In this trial, only one patient had slight improvement in weight, nine patients had loss of weight during the treatment. Eight patients (53.3%) had a CBR. Of these 8 patients, 5 patients (62.5%) got improvement in pain (≥50% improvement to baseline level in subjective pain intensity or≥50% decrease to baseline level in analgesic consumption). The remaining 3 patients (37.5%) had improvement in KPS.

The overall response rate was 13.3% (2 of 15): 0 CR and 2 PR. SD was 66.7% (10 of 15). The disease control rate (CR + PR + SD) was 80% (12 of 15). Other 3 patients had progress in liver metastasis during treatment.

CA19-9

All patients were available for CA19-9 assessment. Ten patients’ (10/15, 66.7%) CA19-9 level decreased, and five patients’ (5/15, 33.3%) increased. While, 26.7% (4 of 15) and 46.7% (7 of 15) experienced ＞90% and ＞70% decrease of CA19-9 level, respectively. One’s CA19-9 level was dramatically decreased from 5,115 U/ml to the normal level, 31 U/ml.

PFS and OS

The median PFS and OS were 6.7 and 13.8 months, respectively. One-year PFS and OS rate were 40.0% and 51.1%, respectively (Figure 3A and 3B).

One-year OS rates were 41.7% and 38.1% for the CRB group and the non-CRB group, respectively (P=0.277). One-year PFS rates were 50.0% and 20.0% for the CA19-9 improved group and the CA19-9 un-improved group, respectively (P=0.059); and one-year OS rates were 74.1% and 0% for these two groups, respectively (P=0.002).
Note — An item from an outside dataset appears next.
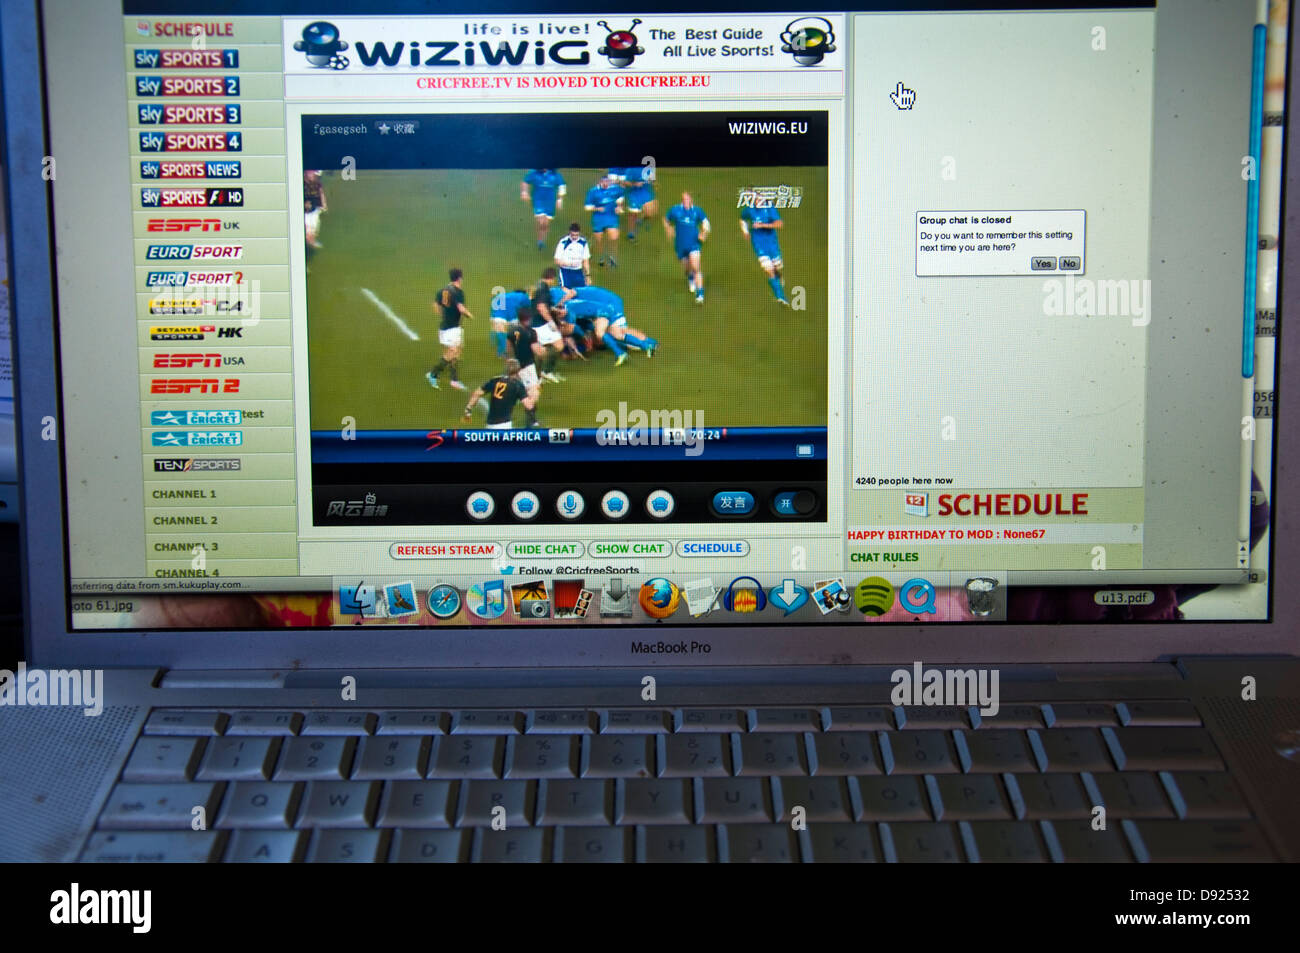 Wiziwig computer tv streaming sports site Stock Photo

Nine patients were dead at the last follow-up. Seven patients died of disease progress (5 with systemic progress and 2 with regional progress), and the other two died of upper gastrointestinal bleeding and heart attack, respectively.
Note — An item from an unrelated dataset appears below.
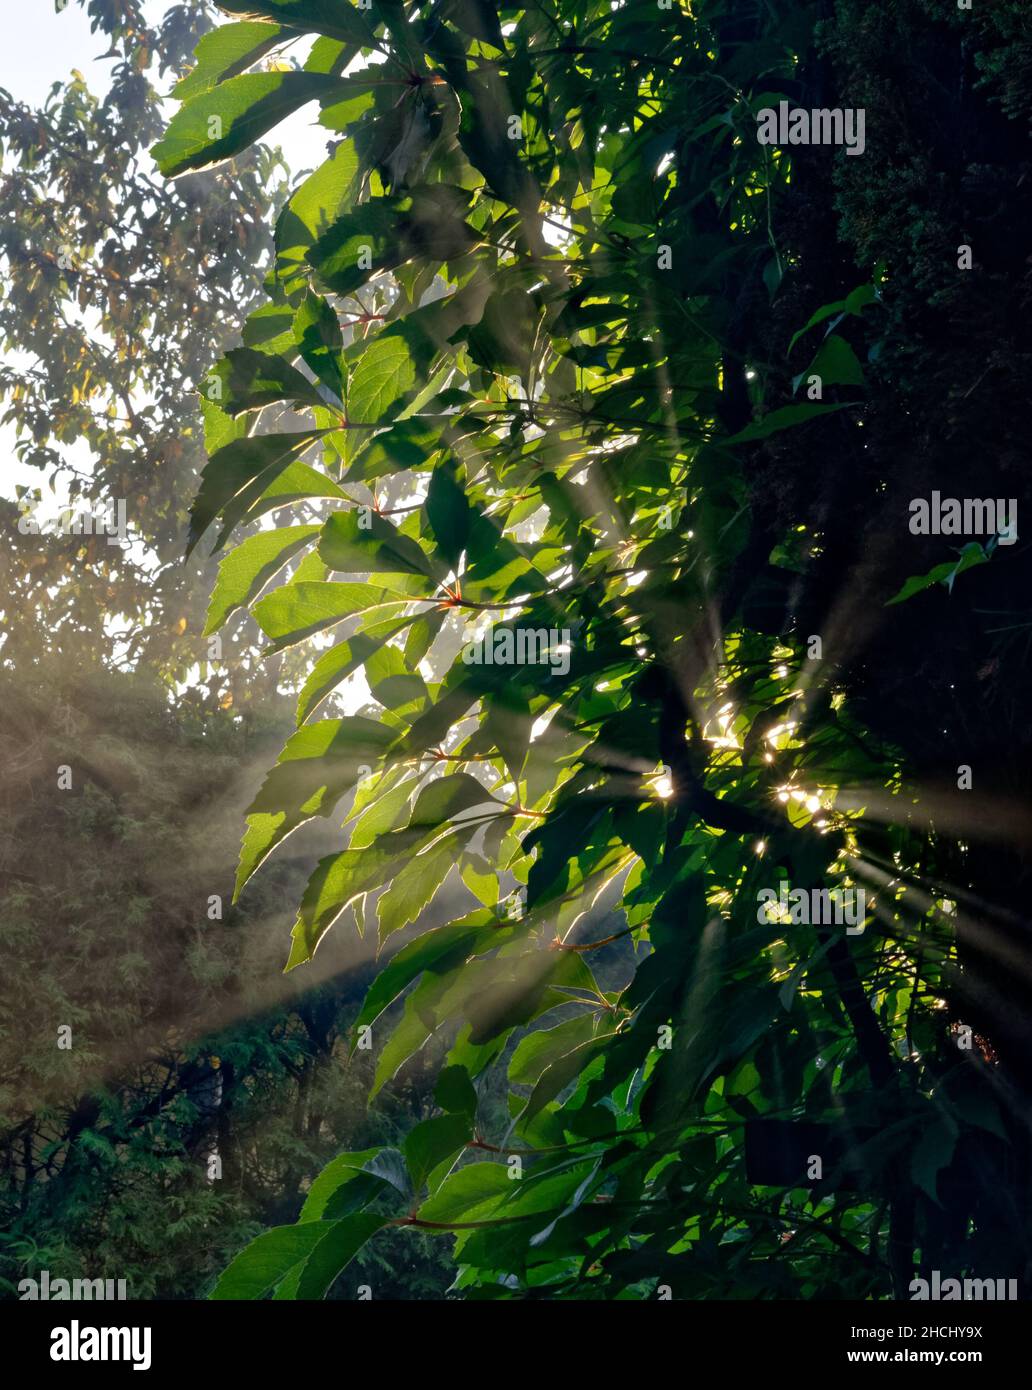 Closeup of a light reflection coming from behind the jungle leaves of a tree foliage Stock Photo

Figure 3. PFS and OS of the trial. A: Progression free survival; B: Overall survival.

DISCUSSION

Although more than 80% pancreatic cancer patients presented locally advanced disease or metastatic disease, the treatment for them remains palliative[7]. This trial was designed to improve CBR, DCR, PFS and OS with tolerable toxicities for the patients with unresectable pancreatic carcinoma. The preliminary results showed the feasibility ofthis combining strategy with promising survival benefit and low rate of ≥ grade 3 toxicities.

Figure 4. One patient’s primary tumor experienced obviously response to the combined treatment after 15 months of enrollment. A: The diameter of the primary tumor was 6.7 cm before treatment; B: There was no obvious disease after the treatment.

Figure 5. Here is another patient in the study with nearly complete response after 12 months of enrollment. A: The diameter of the primary tumor was 4.9 cm before treatment; B: There was also no obvious disease after the combined treatment.

Table 3. The treatment of each patient in the trial

Gem has been the first-line therapy for patients with advanced pancreatic cancer, considering the improvements in survival and clinical benefit[8]. Multiple new agents with different mechanisms of action in combination with Gemhave been tested in randomized clinical trials, with no improvement in outcome[21-23]. Erlotinib, a small-molecule inhibitor of the epidermal growth factor receptor (EGFR), is the only agent that, in combination with Gem, has shown a small, but statistically significant improvement in survival among patients with advanced pancreatic cancer[24]. The median OS and 1-year survival rate for the combination of erlotinib and Gem group were 6.24 months and 23%, respectively. While in our trial, the preliminary results are comparable with this trial (the median OS was 13.8 months and the 1-year OS rate was 51.1%).

One notable aspect of this study is the applying of rAd-p53. More than 50% of pancreatic cancer patients have mutations in the p53 gene[25]. Basic researches had found the important function of p53 in the development of pancreatic cancer[19-11]. Tumors with p53 mutation are highly malignant and are resistant to many conventional therapies. And rAd-p53, a recombinant replication-incompetent human serotype 5 adenovirus, had been confirmed to have longterm survival benefit in NPC[12]. This design tried to confirm that rAd-p53 acts as a radiosensitizer, just as the previous trial’s results in NPC. Nowadays, the multidisciplinary treatment is recommended for malignant tumor, especially for advanced pancreatic cancer. In order to control the abdominal cavity metastasis, the intraperitoneal perfusion of rAd-p53 in combination with peritoneal thermochemotherapy was applied. The results showed that DCR was 80%, in accord with our purpose. What’s more, most patients (12 of 15, 80%) experienced the decrease of tumor density on CT. The change of tumor density on CT could be the complementarity for RECIST, which named Choi response criteria[26]. The change of tumor density on CT helped us to find out whether the combined treatment was effective on the primary tumor, while the tumor size didn’t have obvious change. The safety of intratumoral injection would be an important item in this new design. However, this trial, with 85 times of intratumoral injection, didn’t show any severe intratumoral injection events, such as massive hemorrhage, pancreatitis or pancreatic fistula. And no treatment-related death was observed in this trial. These results might approve the safety and efficacy of rAd-p53 for advanced pancreatic cancer.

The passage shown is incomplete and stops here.